SURABAYA, INews.id - Aparat TNI-Polri akan melakukan penjagaan ketat di kawasan perbatasan. Sweeping juga akan dilakukan terhadap massa bersenjata tajam yang akan bertolak ke Jakarta dalam rangka people power 22 Mei. 

Pernyataan tersebut disampaikan Kapolda Jatim Irjen Pol Luki Hermawan, menyikapi gerakan massa yang akan bertolak ke Jakarta. Menurut Luki tindakan tegas perlu diambil terhadap segala potensi yang bisa memicu kerusuhan dan perpecahan.  

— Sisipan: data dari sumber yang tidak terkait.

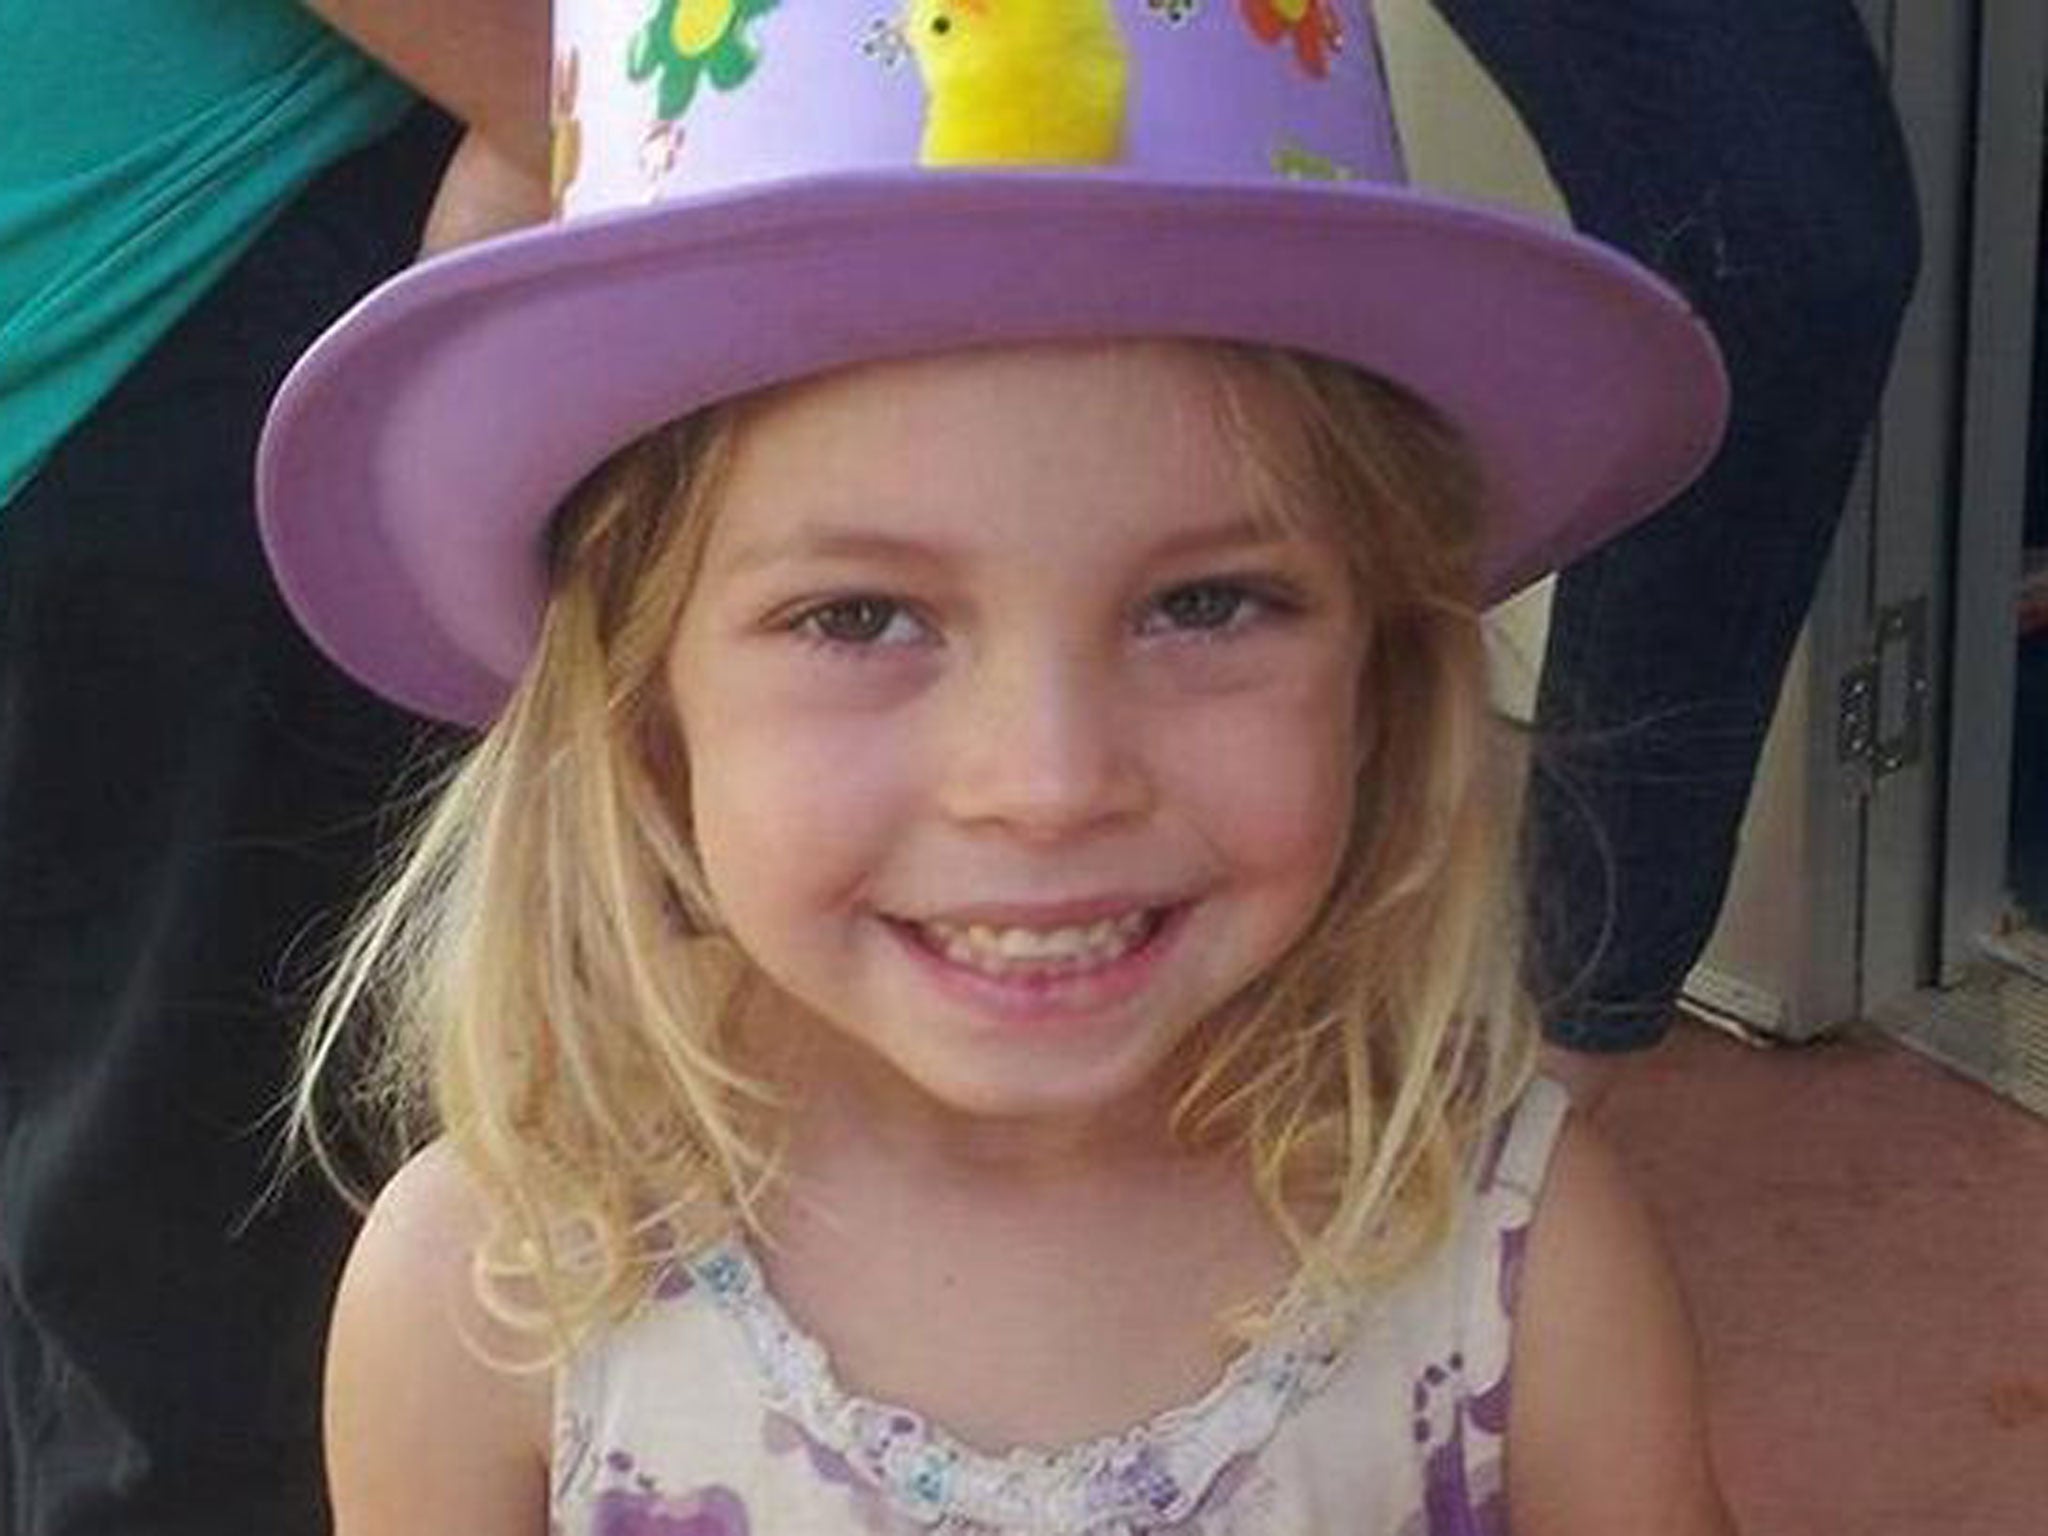 An extensive police and volunteer search through Thursday and Friday has brought no sign of three-year-old Chloe Campbell
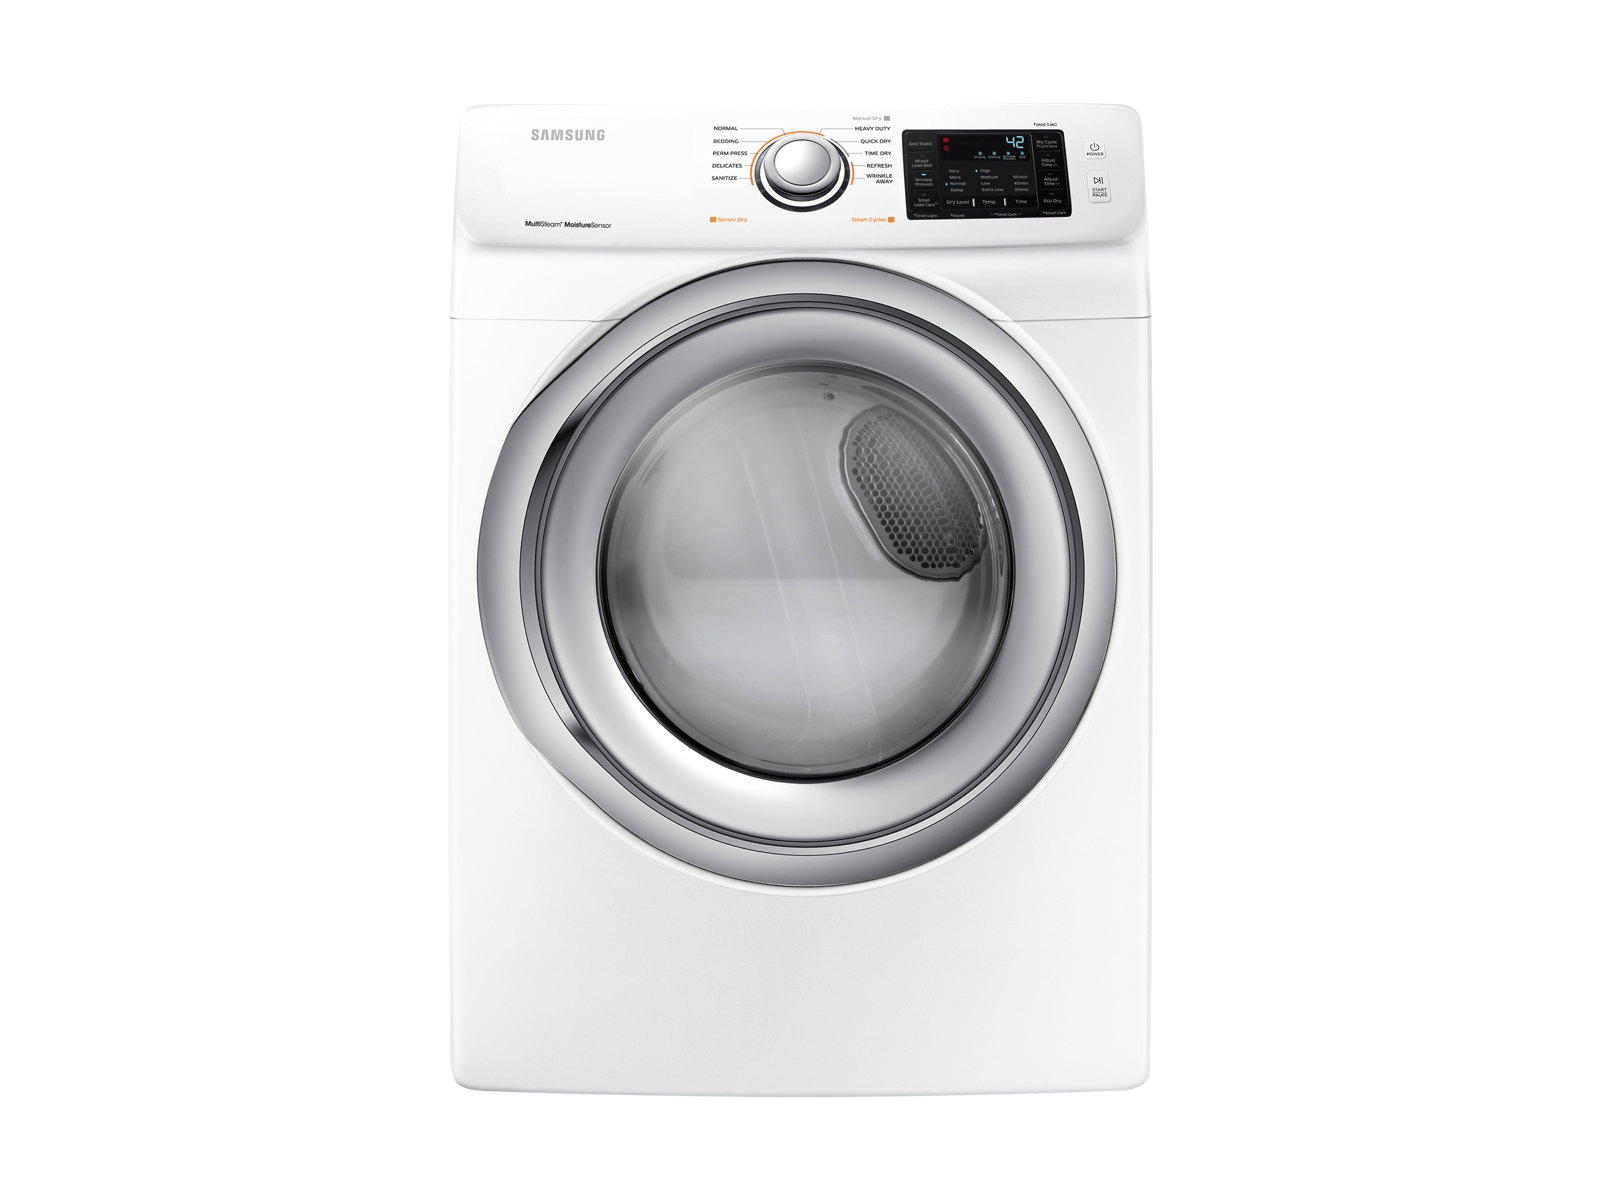 7.5 ft. Gas Dryer with in White Dryer DVG45N5300W/A3 | Samsung US

"Di wilayah-wilayah perbatasan akan kami jaga. Kalau sampai ada yang membawa senjata tajam, kita pasti akan lakukan sweeping dan kami akan lakukan tindakan tegas," katanya, Jumat (17/5/2019). 

BACA JUGA:

Pastikan Warga NU Tak Ikut People Power, PWNU Jatim Ajak Tebarkan Kedamaian

Kapolda dan Gubernur Jatim Imbau Warga Tak ke Jakarta Ikut People Power

Kendati demikian, kata Kapolda, upaya persuasif tetap akan dikedepankan. Sejak beberapa hari ini misalnya, Polda Jatim bersama TNI dan Pemprov Jatim melakukan pendekatan kepada para tokoh agama dan pimpinan ormas di Jatim untuk mencegah upaya-upaya inkonstitusional tersebut. 

"Kita lakukan tahapan-tahapan sesuai SOP. Kita menghimbau kepada tokoh-tokoh masyarakat. Dari pemerintah setempat. Semua akan kita libatkan," katanya. 

Luki juga mengingatkan kepada semua pihak untuk menjaga kesucian Ramadan, dengan tidak membuat tindakan yang mengganggu masyarakat. 

"Isu people power, dapat berpotensi menimbulkan konflik sosial di masyarakat. Maka kami mengimbau masyarakat untuk menfilter segala informasi dan ajakan yang provokatif," ujarnya. 

Luki mengatakan, gerakan mobilisasi massa merupakan gerakan inkonstitusional. Momen tersebut sengaja dibuat oleh sebagian pihak yang ingin menjadikan negara tidak kondusif. "Ini (gerakan massa) berbahaya. Sebab, bisa memecah persatuan bangsa," katanya.